Vescent Photonics D2-125 Manual Download Page 14

Last update: 2021/03/02 17:06

d2:laser_servo https://www.vescent.com/manuals/doku.php?id=d2:laser_servo

https://www.vescent.com/manuals/

Printed on 2021/04/17 23:32

Absolute Jump TTL (BNC)

When asserted HIGH (5V) while in LOCK mode, ABSOLUTE JUMP takes the Laser Servo out of lock and
conveys the negative of the voltage on LASER JUMP AMPLITUDE to the SERVO OUTPUT. Thus, a 1 V
input to LASER JUMP AMPLITUDE applies -1 V to SERVO OUTPUT. ABSOLUTE JUMP is useful when one
wants to control the voltage on the integration stages of the loop ﬁlter, or for zeroing the integrators
during auto-locking routines. When returned to LOW (0V), the loop ﬁlter is reengaged. Engaging or
disengaging the ABSOLUTE JUMP is achieved in under 400 μs.

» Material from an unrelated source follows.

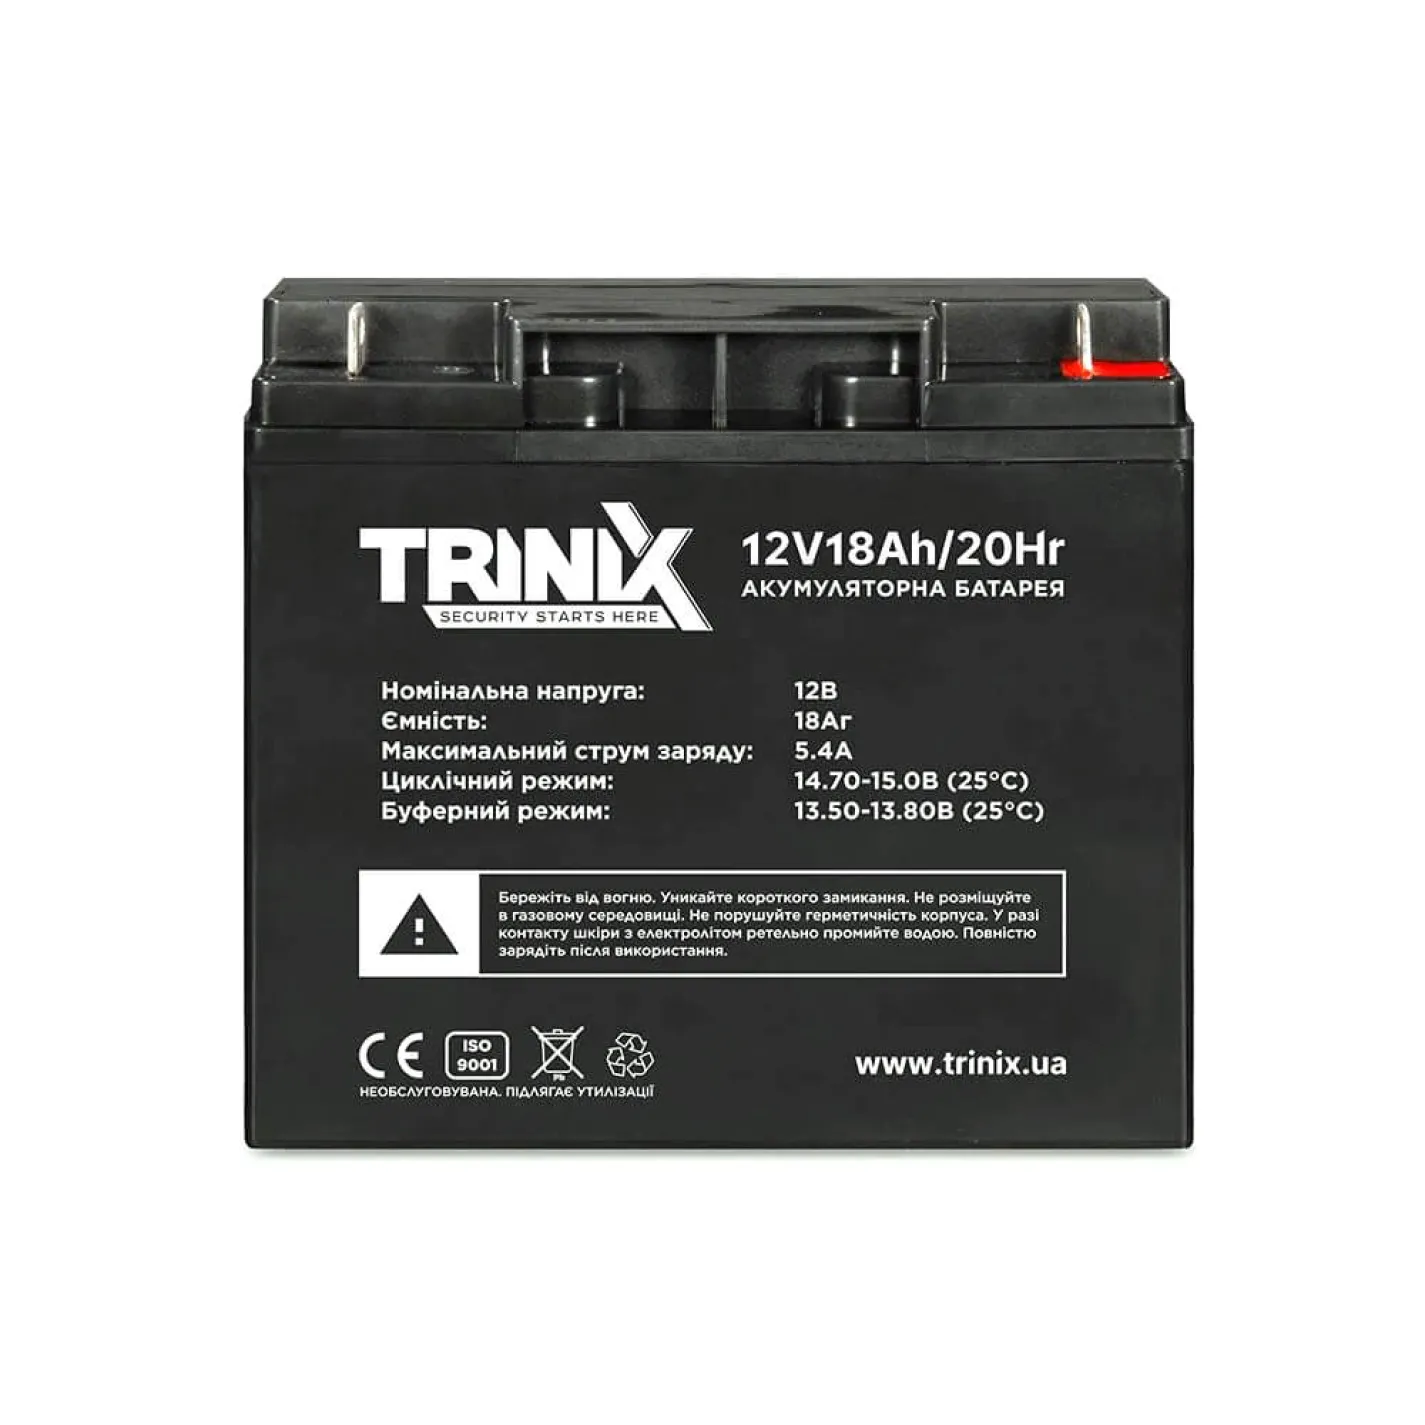 Акумуляторна батарея свинцево-кислотна Trinix 12V18Ah/20Hr AGM 12В 18Аг - Фото 1

When asserted HIGH (5V) while in RAMP mode, ABSOLUTE JUMP applies a DC oﬀset equal to
-1*(LASER JUMP AMPLITUDE) to the ramp signal at SERVO OUTPUT. When asserted LOW while in RAMP
mode, the ramp signal is DC balanced.

When disconnected, ABSOLUTE JUMP is low.

Relative Jump TTL (BNC)

When asserted HIGH (5 V) while in LOCK mode, RELATIVE JUMP engages a sample-and-hold circuit and
takes the Laser Servo out of lock. The voltage on the SERVO OUTPUT is the sample-and-hold value
summed in with the negative of the LASER JUMP AMPLITUDE. For example, if the laser is locked and
the SERVO OUTPUT is -200 mV, then p300 mV on the LASER JUMP AMPLITUDE and engaging
the RELATIVE JUMP will set the SERVO OUTPUT to -200 mV + (-300 mV) = -500 mV. This feature is
useful for jumping the laser relative to its current lock point (say +200 MHz from a locked transition).
When returned to LOW (0 V), the loop ﬁlter is reengaged, enabling the laser to be relocked to a new
lock point (by asserting the trigger low with the LASER JUMP AMP still at a non-zero value). (See

application note here

.) Or the laser can be relocked to its original position (by setting LASER JUMP

AMP to zero before returning the trigger to TTL low). Engaging or disengaging the RELATIVE JUMP is
achieved in under 400 μs.

When asserted HIGH (5V) while in RAMP mode, RELATIVE JUMP applies a DC oﬀset equal to the LASER
JUMP AMPLITUDE to the ramp signal at SERVO OUTPUT. When asserted LOW (0V) while in RAMP mode,
the ramp signal is DC balanced.

When disconnected, RELATIVE JUMP is low.

Ramp TTL

Same as the front panel signal. The RAMP TTL is a trigger synchronous with the ramp. It is used to
trigger an oscilloscope while sweeping the SERVO OUTPUT.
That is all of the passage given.